You'll have seen the shot of the Death Star under construction. I hoped there was to be an impression of time having passed, but there isn't. Are we now to believe that they took twenty years to build Mk I, but got the 10 times larger Mk II done in three years?


There’s far too much reliance on CGI some of it quite poorly done. The wookies are repeated very obviously in their big appearance (The whole wookie thread is a waste of time, by the way.) and things are done just because they can be not because they advance the plot or make things better. For example, why use cg to put a couple of clone troopers behind Anakin & Obi-Wan when it must have been easier and cheaper to put guys in suits there instead? There’s a dreadful shot on Coruscant where the characters seem to glide above the surface they’re walking on. This is, IMO, the big problem with CGI in general. There’s always a failure of interaction between the computer images and the real world. I’ve even seen examples where computer images don’t seem to interact properly where different houses have done the elements. Even Artoo gets the CGI treatment allowing him to take on super battle droids and catch a com-link thrown to him by Anakin. (Didn’t he have one built in by Jedi?)

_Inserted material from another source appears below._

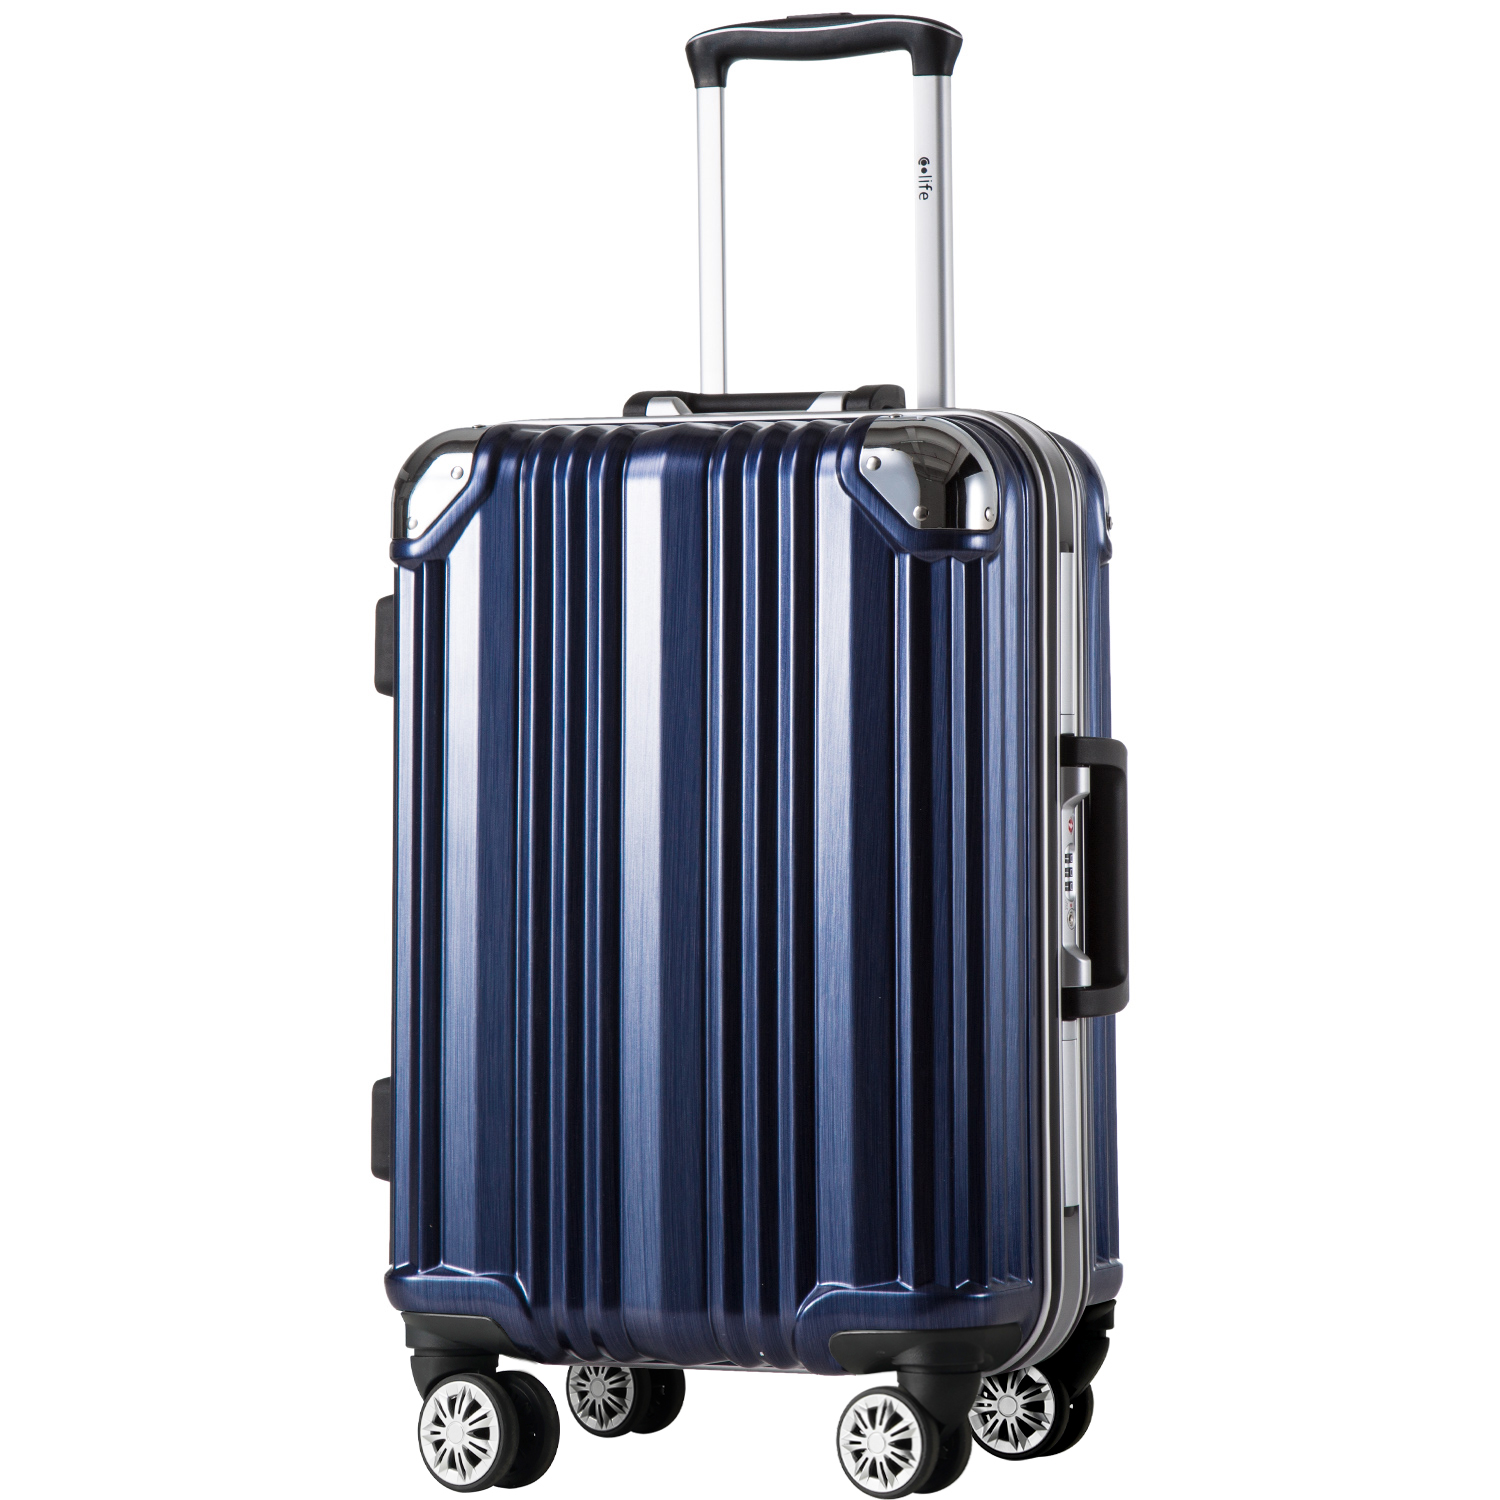 Coolife Luggage Aluminium Frame Suitcase TSA Lock 100% PC 20in 24in 28in YD63S/M/L

I know, I know; I’m sounding negative. Put it this way, though: this time I care enough to talk about it. The last two weren’t worth the effort.

One thing I did notice, though, was a seeming reference to contemporary politics, especially American foreign policy. Some very interesting comments about how democracy is won or lost and having the villain quote Dubya’s infamous ‘You’re either with us or against us.’ statement had me wondering if George was making a wee stand.